The surgeon is the person who said I was the most urgent case in the ER that night & that he was VERY upset that he had been given the other patient ahead of me, that I should have been priority. When he left after talking to me, he went over to the nurses station & made some angry looking gestures to them. There were no throat cuts, gun shots or anything else like that. We have 6 large hospitals in our area, two of them are Level I trauma and the one I chose was one of them. I guess we should have taken the extra 5 -10 mins to go to the teaching hospital. Maybe they aren't as fancy but I doubt I would have bled until I nearly passed out and I would still have hearing in BOTH ears right now,

Specializes in ER/ MEDICAL ICU / CCU/OB-GYN /CORRECTION.

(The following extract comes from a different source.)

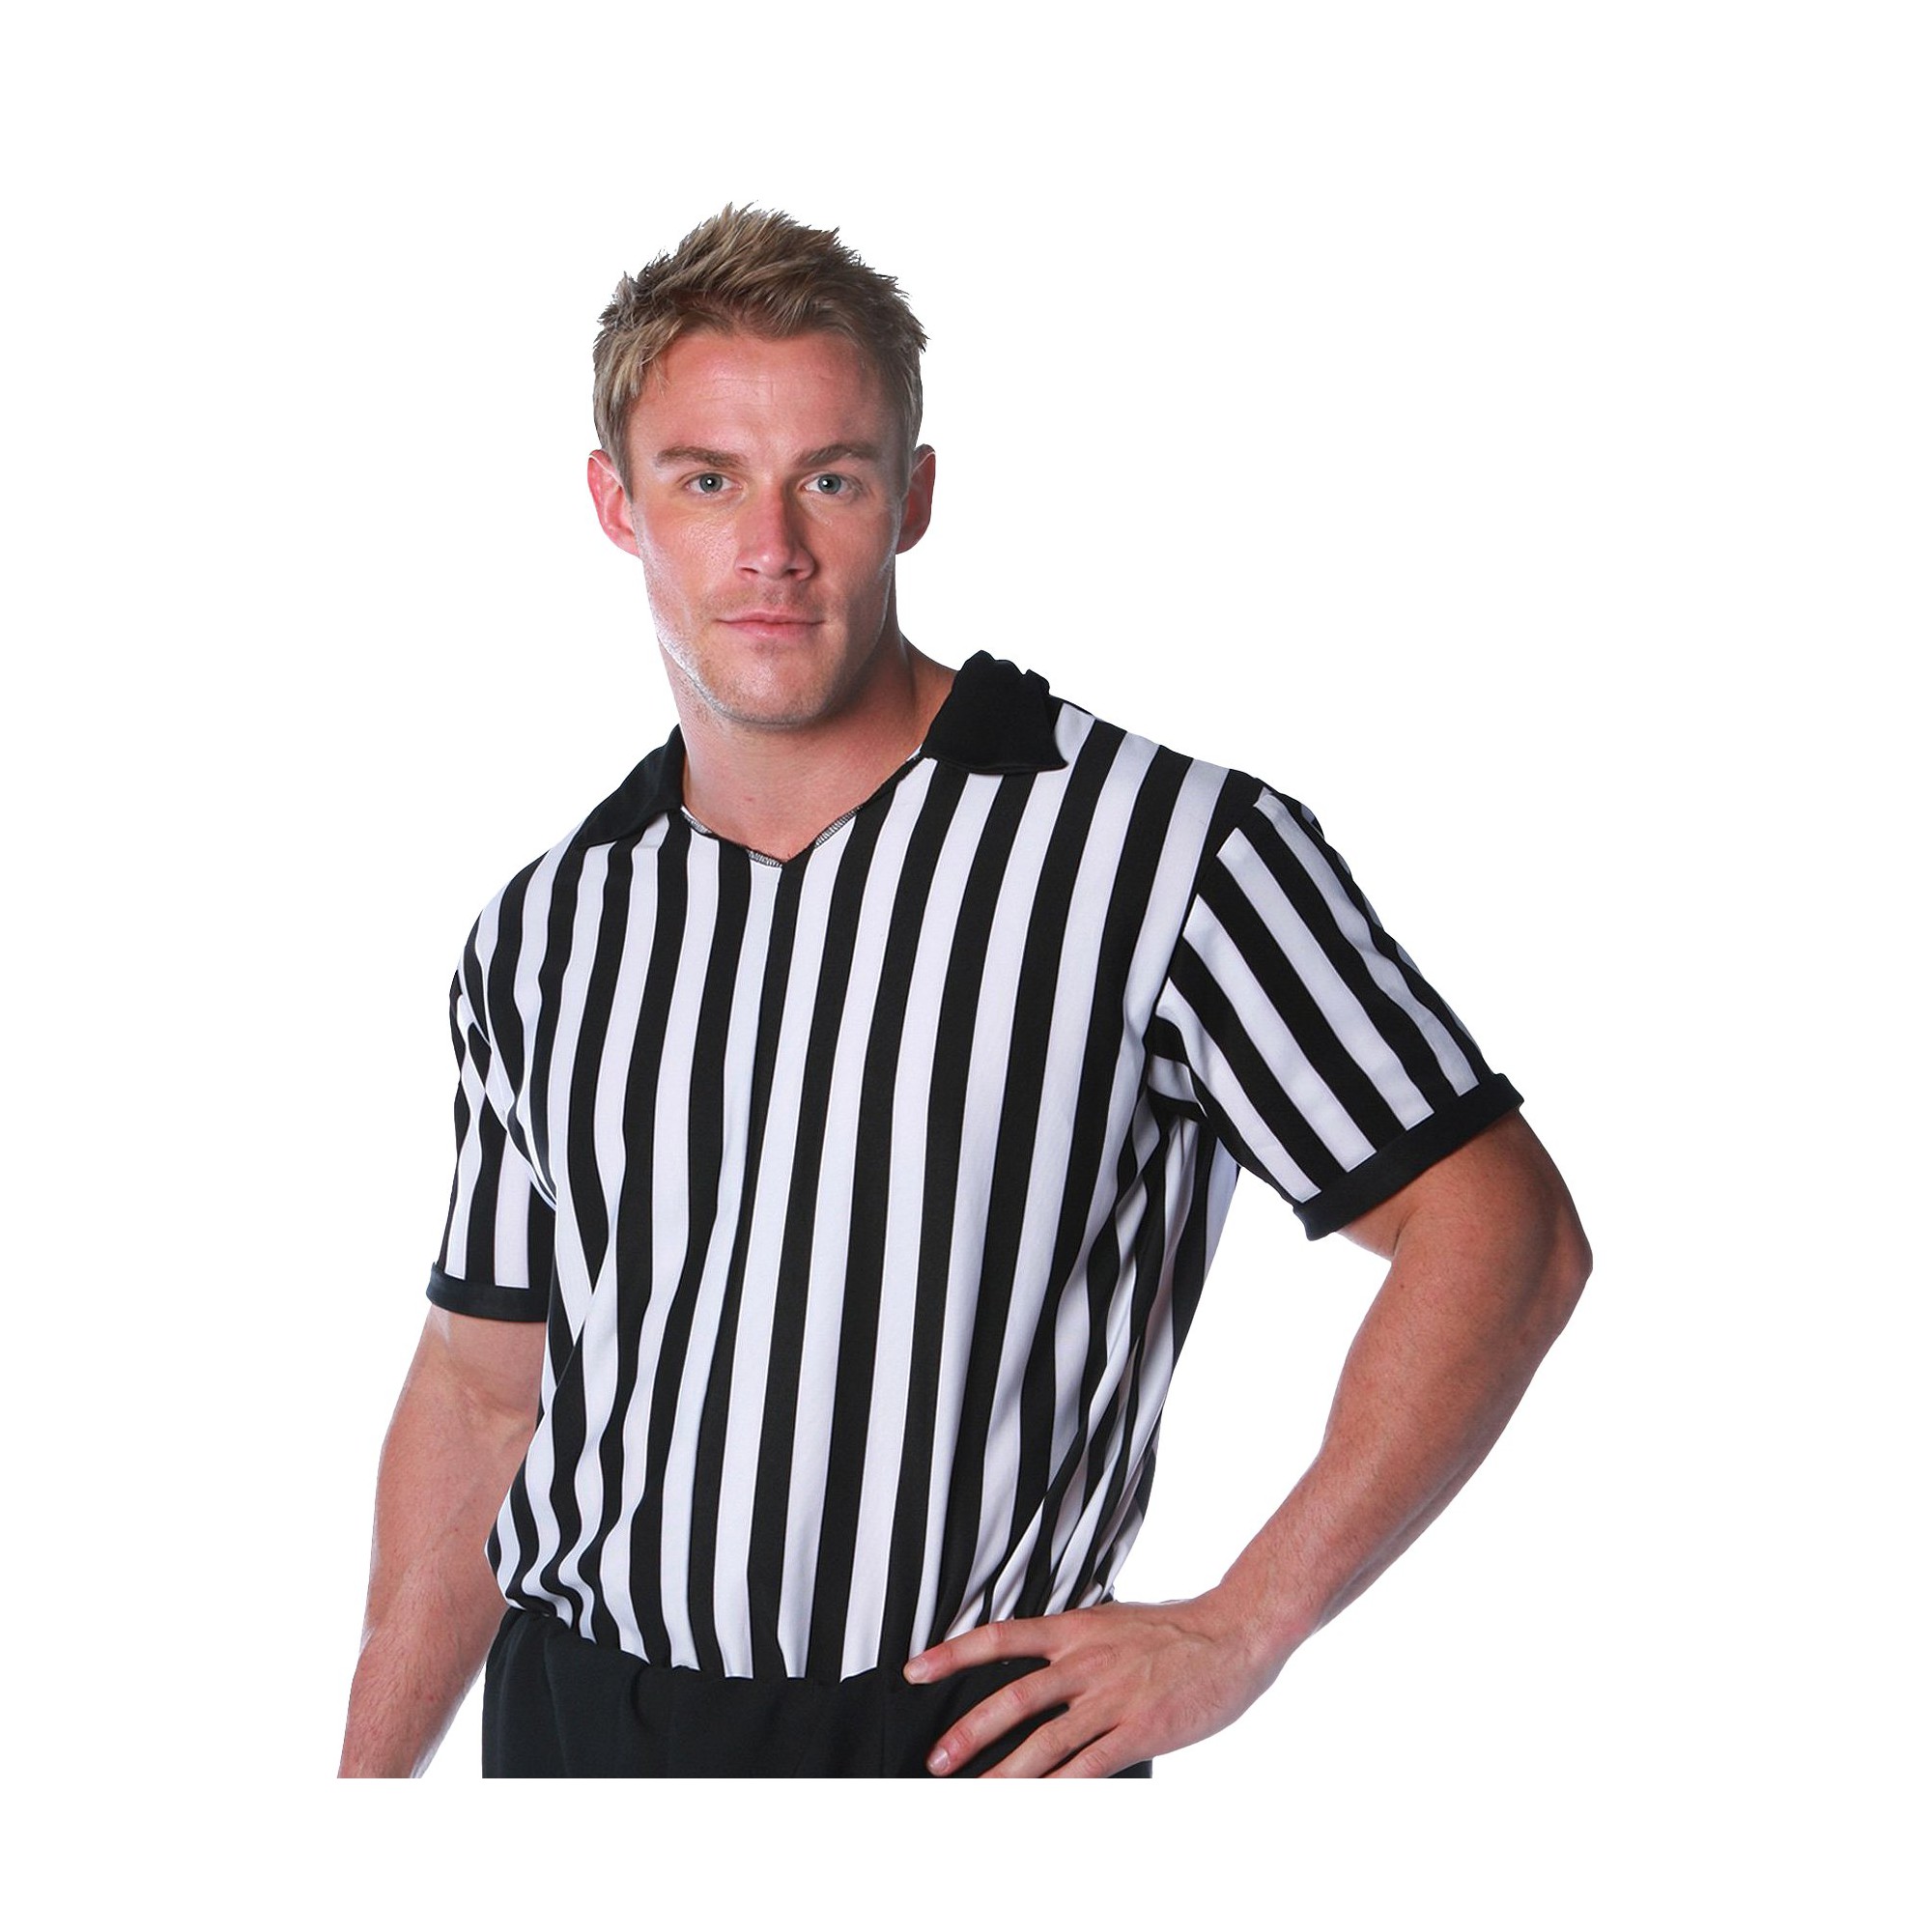 Halloween Adult Referee Shirt Costume, Men's, Size: One Size, MultiColored

What had happened to you is tantamount to neglect. I am sorry that occurred and hope you have totally healed. I along with the above poster think you should send a letter to the administrator and DON. I bet dollars to doughnuts this is not the first time this has occurred and with what you documented someone should be made aware.

Marc

Specializes in Emergency.

Sorry to hear about your experience. That was absolutely not the standard of care you deserved. Send a letter/email to the hospital with what happened. Sounds like that er needs a shake-up.

Heal fast.

"Be the change you wish to see in the world"

This horrible experience should encourage you to be a nurse!

Sorry you had to go through that! Hope you are feeling better.